FREE STATE OF JONES review

I think the easiest joke I can make is: “THE PATRIOT… but Civil War.” I mean, am I wrong? His son dies right there in the trailer! Whatever, I like Matthew McConaughey! He’s a great actor who has evolved from his youthful days of bad romcoms into a credible actor doing some damn fine films. But enough about that, I have to say… yeah, I kinda wanted to see this movie after watching the trailer. It still looked a tad predictable, but still enjoyable. Not gonna lie though, I had a hard time swallowing this “Confederate soldier fighting with black people” pill. But that’s probably one of the highlights of the story, about how this man who used to think a certain way learns that we’re all the same deep down. Wow… that was schmaltzier than I thought it’d be. Okay, that’s not what I want out of this movie now. But regardless I’m interested. But was the fight for freedom and equality going down in the history books, or was this just Oscar bait that even Youtube would forget? This is my honest opinion of FREE STATE OF JONES.

(SUMMARY)

Based on a true story. During the American Civil War, Newton Knight (Matthew McConaughey) survives a battle against the Union. Unfortunately, he loses his oldest son in the fight. Unable to care for the war anymore, he returns home as a deserter to bury his son. Not long later, he hears word of how a local farm is being ransacked by Confederate soldiers unfairly and decides to teach the woman and her daughters to defend their home. The soldiers return and leave, but swear to bring justice upon him. They do eventually return and Newton is injured by a dog. He’s found by a local woman who hides him in a nearby swamp, along with some runaway slaves. Soon, Newton starts teaching these men to fight against the Confederates. Success reaches out to other local farms and join his cause in fighting the South’s armies until the end of the war. But is freedom really freedom in this country that is divided, whether or not there’s a war going on?

(REVIEW)

While I am endlessly grateful that the movie went in a direction that I couldn’t predict, it does feel a little… disjointed. Depending on who you are, this might be a good thing. For the price of one ticket, you get three movies. In this two and a half hour historical piece, there are three stories going on. The first is the Civil War stuff where most of the marketing makes you believe the movie is about. The second is after the war and we get the seeds of living in a post Civil War America where black people and whites who supported blacks are treated with hostility and violence. The final story is a rather clumsily added flashforward bit about a great grandchild of Newton that has black (the ethnicity, not the color… in case my grammar was abhorrent) blood in him, which means he can’t marry the white woman he’s in love with. These moments are so incredibly out of place that I thought another movie was spliced over this one.

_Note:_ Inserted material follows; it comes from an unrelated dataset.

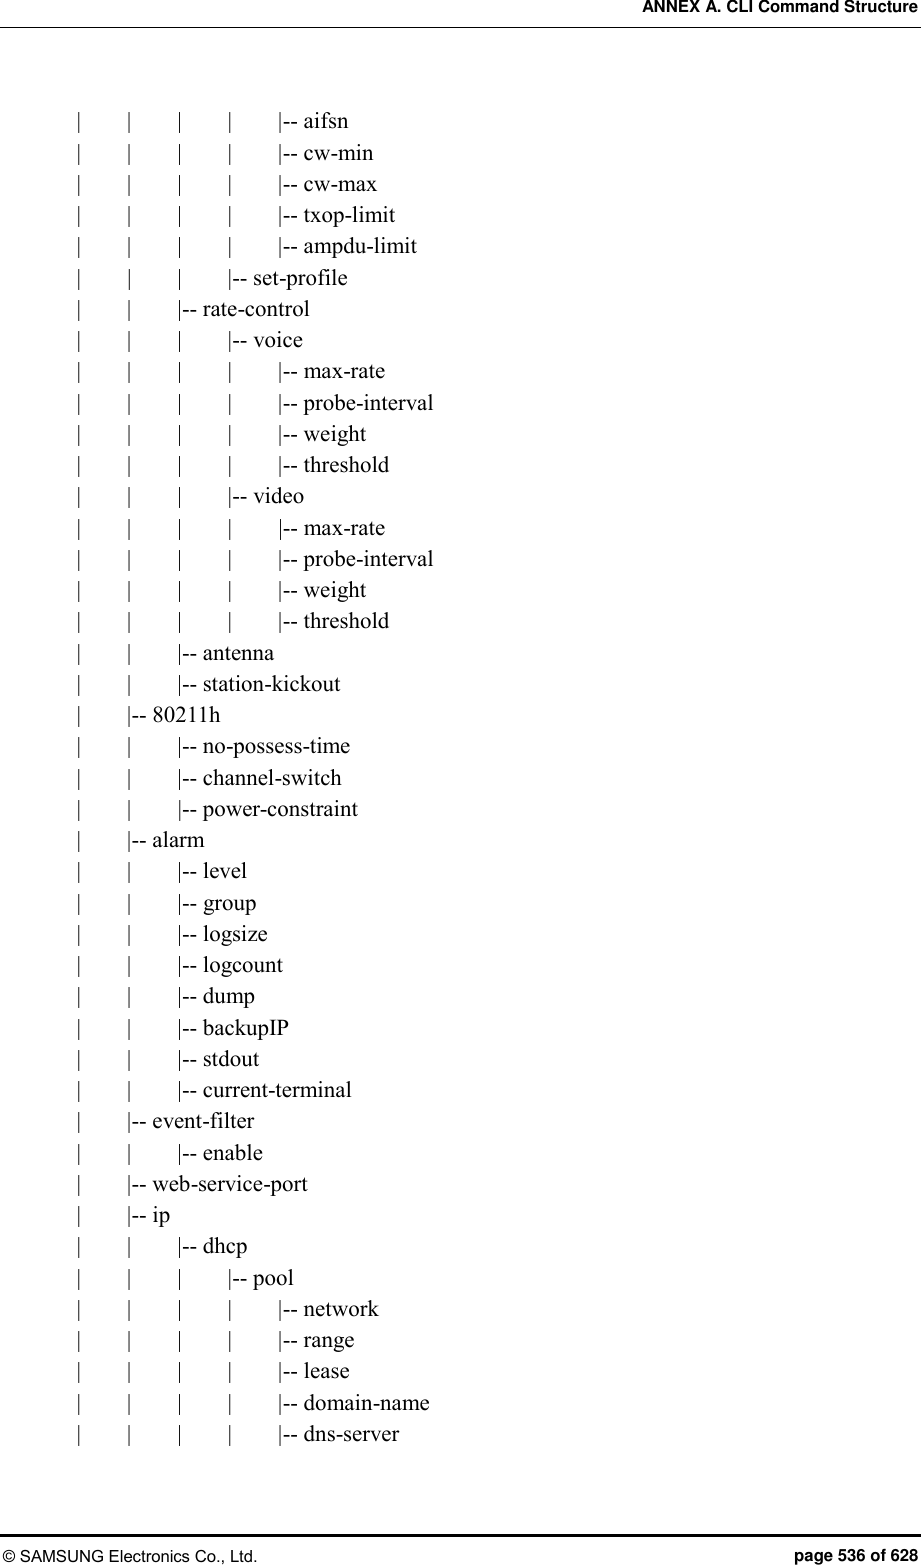 ANNEX A. CLI Command Structure © SAMSUNG Electronics Co., Ltd.  page 536 of 628 |        |        |        |        |-- aifsn |        |        |        |        |-- cw-min |        |        |        |        |-- cw-max |        |        |        |        |-- txop-limit |        |        |        |        |-- ampdu-limit |        |        |        |-- set-profile |        |        |-- rate-control |        |        |        |-- voice |        |        |        |        |-- max-rate |        |        |        |        |-- probe-interval |        |        |        |        |-- weight |        |        |        |        |-- threshold |        |        |        |-- video |        |        |        |    |-- max-rate |        |        |        |        |-- probe-interval |        |        |        |        |-- weight |        |        |        |        |-- threshold |        |        |-- antenna |        |        |-- station-kickout |        |-- 80211h |        |        |-- no-possess-time |        |        |-- channel-switch |        |      |-- power-constraint |        |-- alarm |        |        |-- level |        |        |-- group |        |        |-- logsize |        |        |-- logcount |        |        |-- dump |        |        |-- backupIP |        |        |-- stdout |        |        |-- current-terminal |        |-- event-filter |        |        |-- enable |        |-- web-service-port |        |-- ip |        |        |-- dhcp |        |        |        |-- pool |        |        |        |        |-- network |        |        |        |        |-- range |        |        |        |        |-- lease |        |        |        |        |-- domain-name |        |        |        |        |-- dns-server

I almost feel like this movie should have been its own kind of trilogy. The Civil War stuff is interesting, the post war stuff is interesting, hell, if we had more development time with the flashforward scenes, I’m sure those would be interesting. But slammed together, you have a movie that’s probably an hour too long and development ends up lacking in other areas. Having the Civil War and post war stories might have worked if this was more of a special on the history channel, as this movie does feel like it’s more concerned with informing us about what happened, rather than why or having us really emotionally invested. In retrospect, the movie could have delivered exactly what the trailers promised, and audiences would have been thoroughly pleased. The trailers almost suggest that the entire movie is just about Newton organizing farmers’ wives and even children to rebel against the Confederacy. That is exactly what you get for the first hour and a half. But as soon as the war ends and the South is reintegrated into the North, the move just completely shifts gears and talks about the early years of segregation and racism. Very different subject matter. I know this movie wants to talk about this man and his incredible accomplishments and all that, but if we can get sequels, prequels, and whatever else, a film series about this historical event isn’t beyond the realm of possibility.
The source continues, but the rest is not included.